Address & getAddr();
SeqNum & getSeqNum();
int4 numInput();
Varnode * getOut();
Varnode * getIn(int4 i);
BlockBasic * getParent();
bool isDead();
bool isCall();
bool isBranch();
bool isBoolOutput();
Overview of BlockBasic
A sequence of PcodeOps with a single path of execution.
int4 sizeOut();
int4 sizeIn();
BlockBasic *getIn(int4 i)
BlockBasic *getOut(int4 i)
SeqNum & getStart();
SeqNum & getStop();
BlockBasic *getImmedDom();
iterator beginOp();
iterator endOp();
Overview of Funcdata
This is a container for the sytax tree associated with a single function and all other function specific data. It has an associated start address, function prototype, and local scope.
string & getName();
Address & getAddress();
int4 numCalls();
FuncCallSpecs *getCallSpecs(int4 i);
BlockGraph & getBasicBlocks();
iterator beginLoc(Address &);
iterator beginLoc(int4,Address &);
iterator beginLoc(int4,Address &,Address &,uintm);
iterator beginDef(uint4,Address &);
LoadImage
Action
Rule
Translate
Decodes machine instructions and can produce p-code.
int4 oneInstruction(PcodeEmit &,Address &) const;
void printAssembly(ostream &,int4,Address &) const;
Datatype
Many objects have an associated Datatype, including Varnodes, Symbols, and FuncProtos. A Datatype is built to resemble the type systems of common high-level languages like C or Java.
string & getName();
int4 getSize();
There are base types (in varying sizes) as returned by getMetatype.
Then these can be used to build compound types, with pointer, array, and structure qualifiers.
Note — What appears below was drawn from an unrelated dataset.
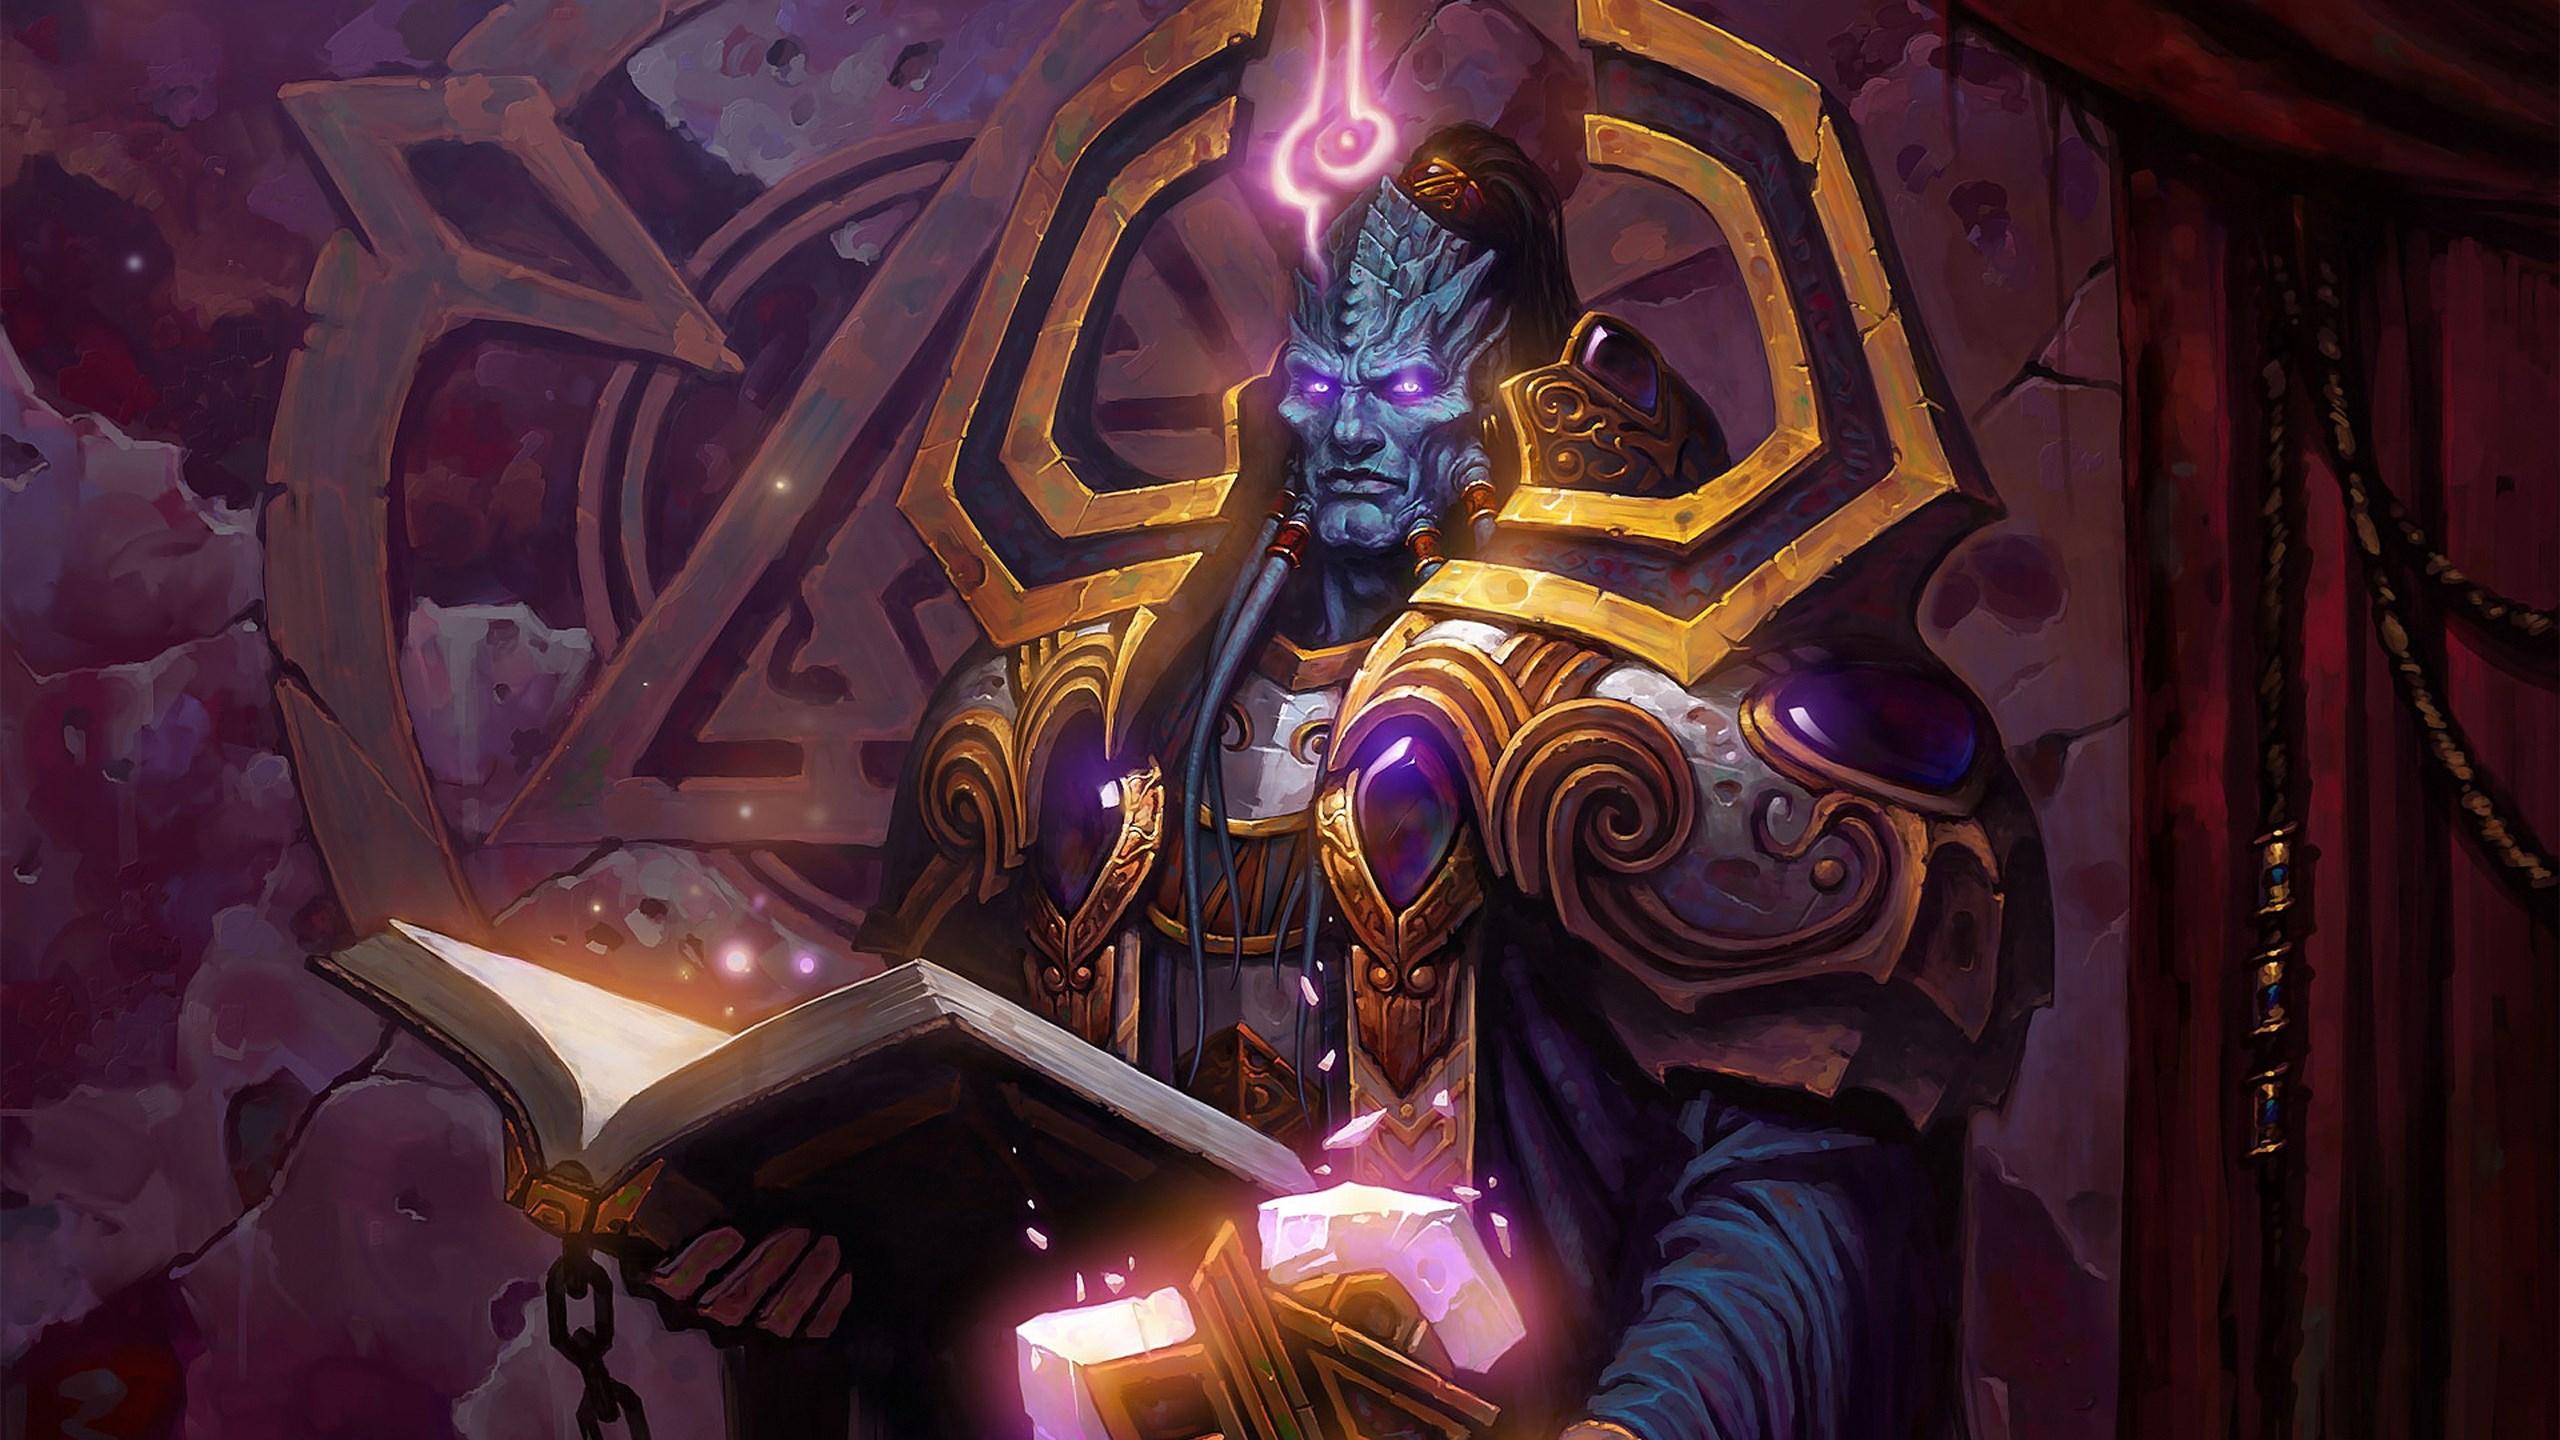 游戏壁纸,魔兽世界,魔法书,锁链,封印,恶魔
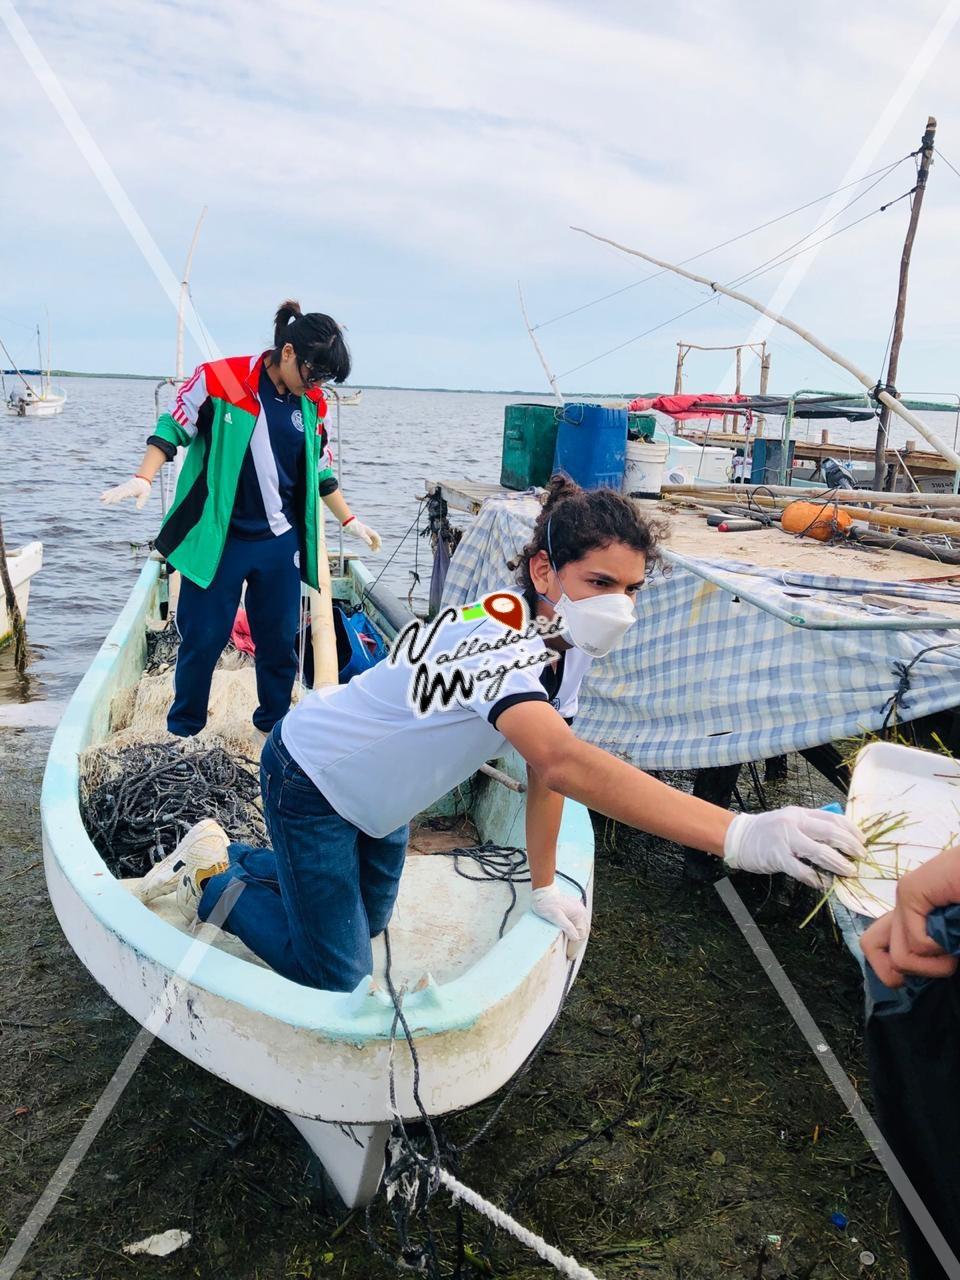 Limpiemos Río lagartos 2018. Programa llevado a cabo por el H. Ayuntamiento en coordinación con diversas organizaciones juveniles

class TypePointer : public Datatype {
Datatype *getBase();
};
class TypeArray : public Datatype {
Datatype *getBase();
};
class TypeStruct : public Datatype {
TypeField *getField(int4,int4,int4 *);
};
TypeFactory
This is a container for Datatypes.
Datatype *findByName(string &);
Datatype *getTypeVoid();
Datatype *getTypeChar();
Datatype *getBase(int4 size,type_metatype);
Datatype *getTypePointer(int4,Datatype *,uint4);
Datatype *getTypeArray(int4,Datatype *);
HighVariable
A single high-level variable can move in and out of various memory locations and registers during the course of its lifetime. A HighVariable encapsulates this concept. It is a collection of (low-level) Varnodes, all of which are used to store data for one high-level variable.
int4 numInstances();
Varnode * getInstance(int4);
Datatype * getType();
Symbol * getSymbol();
FuncProto
FuncCallSpecs
Symbol
A particular symbol used for describing memory in the model. This behaves like a normal (high-level language) symbol. It lives in a scope, has a name, and has a Datatype.
string & getName();
Datatype * getType();
Scope * getScope();
SymbolEntry * getFirstWholeMap();
SymbolEntry
This associates a memory location with a particular symbol, i.e. it maps the symbol to memory. Its, in theory, possible to have more than one SymbolEntry associated with a Symbol.
Address & getAddr();
int4 getSize();
Symbol * getSymbol();
RangeList & getUseLimit();
Scope
This is a container for symbols.
SymbolEntry *findAddr(Address &,Address &);
SymbolEntry *findContainer(Address &,int4,Address &);
Funcdata * findFunction(Address &);
Symbol * findByName(string &);
SymbolEntry *queryByAddr(Address &,Address &);
SymbolEntry *queryContainer(Address &,int4,Address &);
Funcdata * queryFunction(Address &);
Scope * discoverScope(Address &,int4,Address &);
string & getName();
Scope * getParent();
Database
This is the container for Scopes.
Scope *getGlobalScope();
Scope *resolveScope(string &,Scope *);
Architecture
This is the repository for all information about a particular processor and executable. It holds the symbol table, the processor translator, the load image, the type database, and the transform engine.
class Architecture {
Database * symboltab;
Translate * translate;
LoadImage * loader;
ActionDatabase allacts;
TypeFactory * types;
};